WHAT THIS TASK INVOLVES:
From top to bottom, print the listing word for word and skip any pictures it contains.

== DATA PROVIDED ==

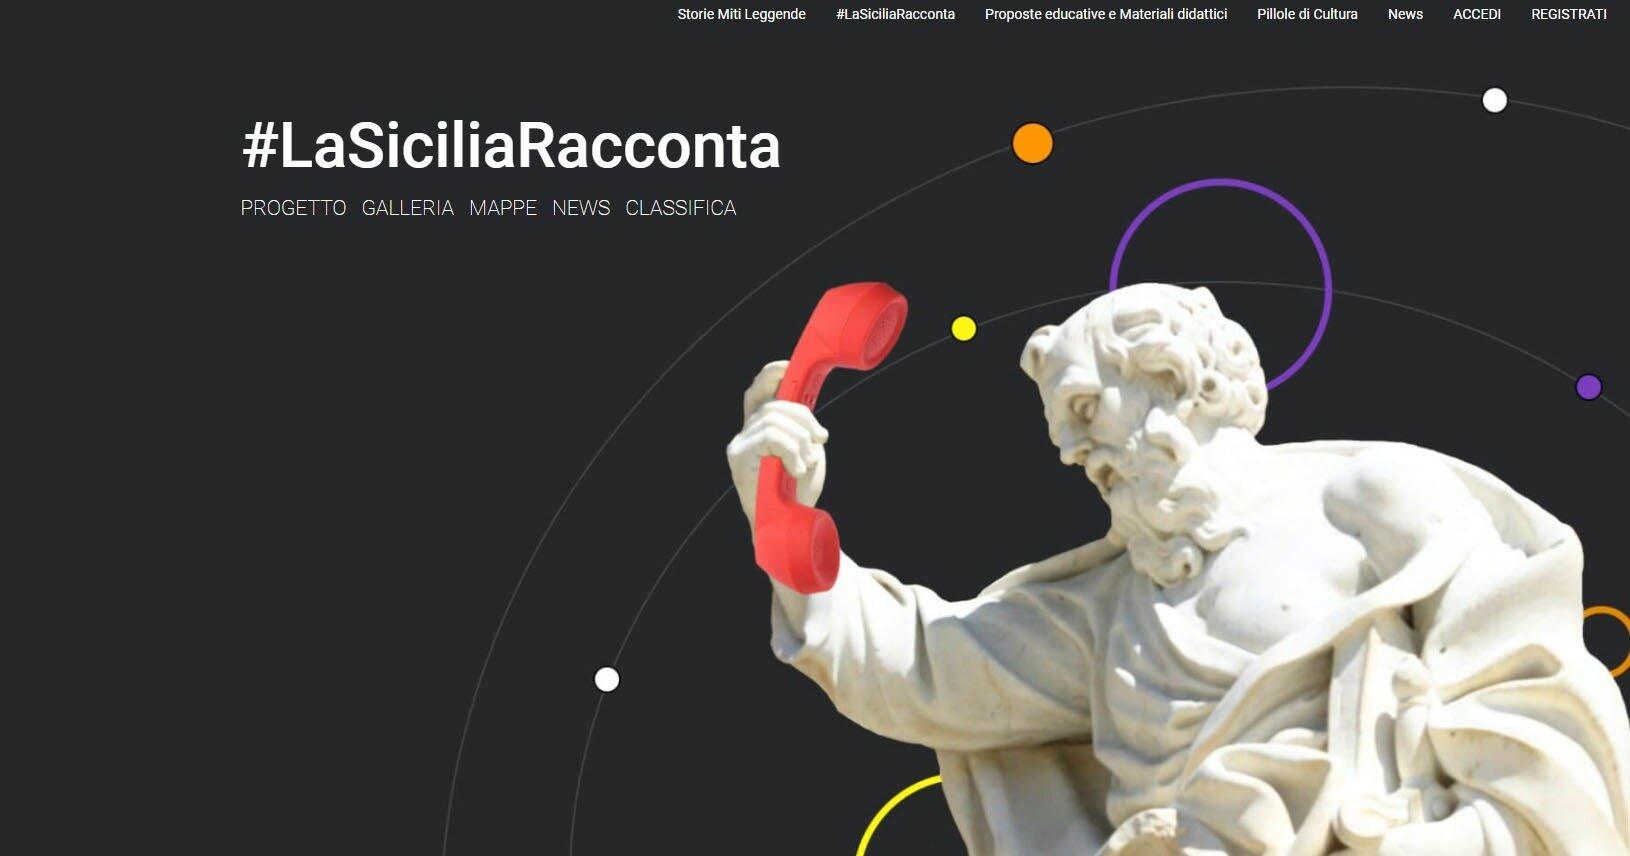 lasiciliaracconta-1612953458.jpg
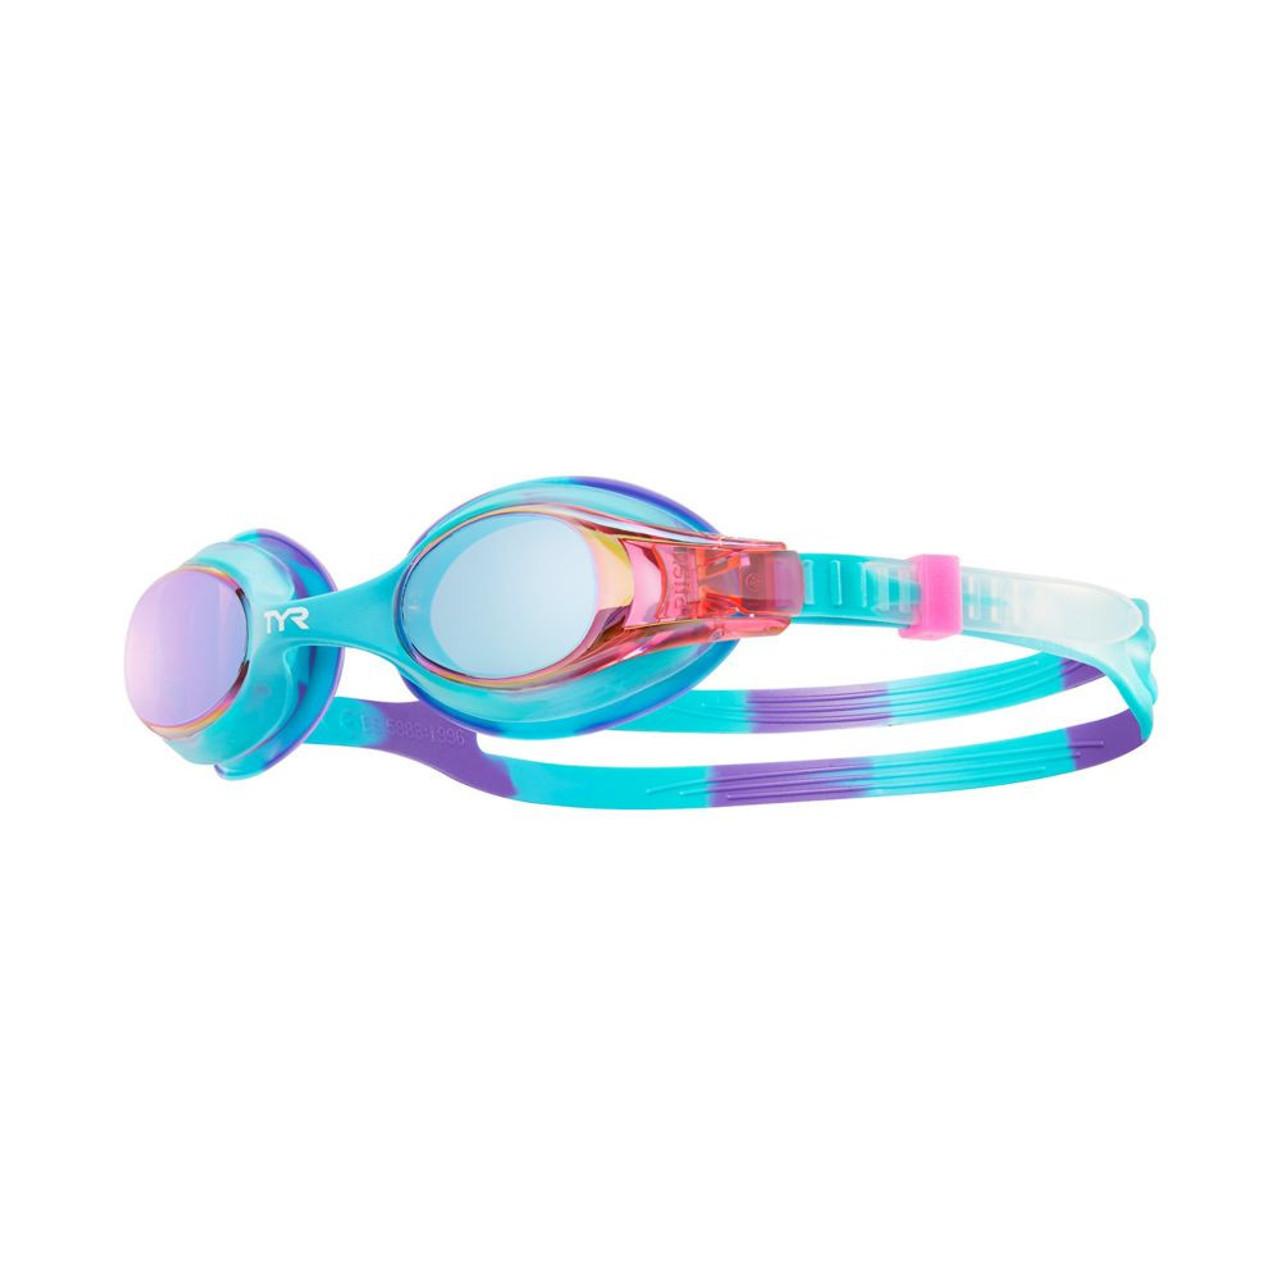 8fcc6b04ed TYR Kids Swimple Tie Dye Mirrored Goggle
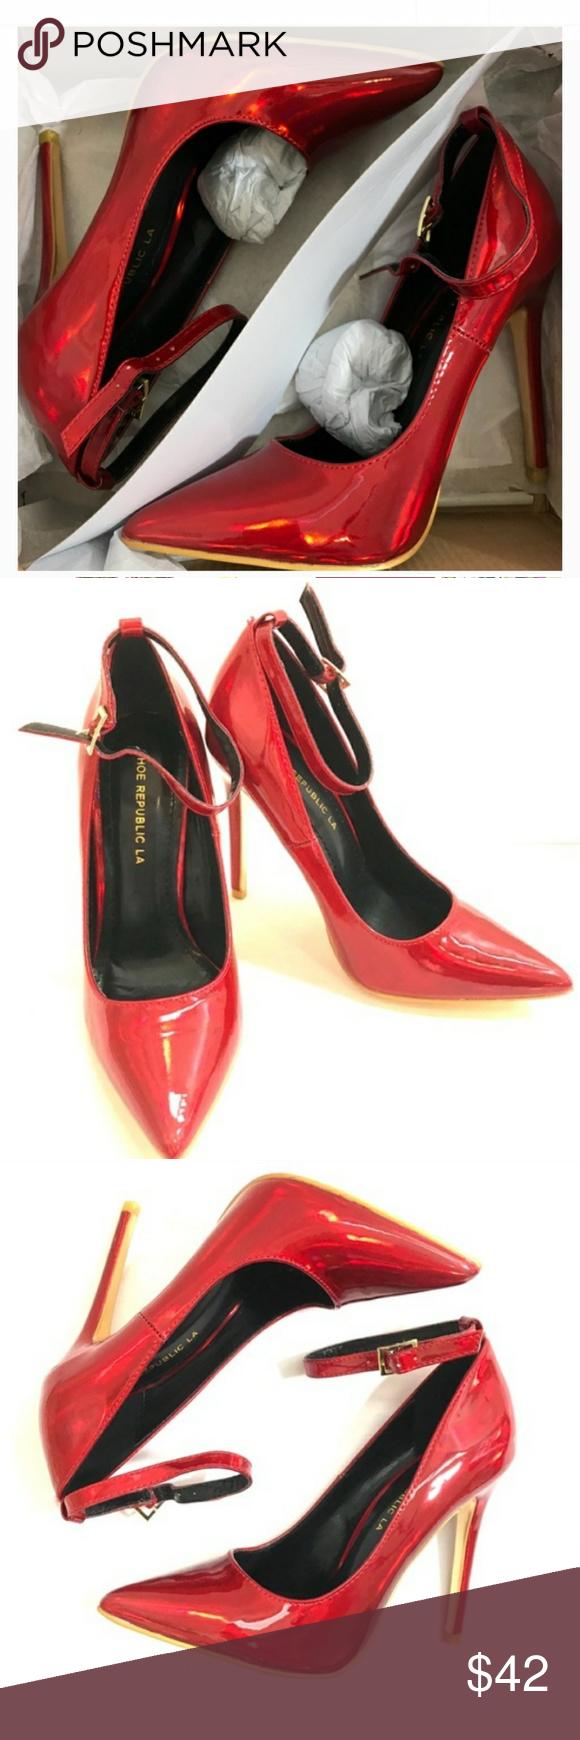 Shoe republic la holographic hologram red heels everyday shoes

===

EXPECTED ANSWER:
 lasiciliaracconta-1612953458.jpg
 8fcc6b04ed TYR Kids Swimple Tie Dye Mirrored Goggle
 Shoe republic la holographic hologram red heels everyday shoes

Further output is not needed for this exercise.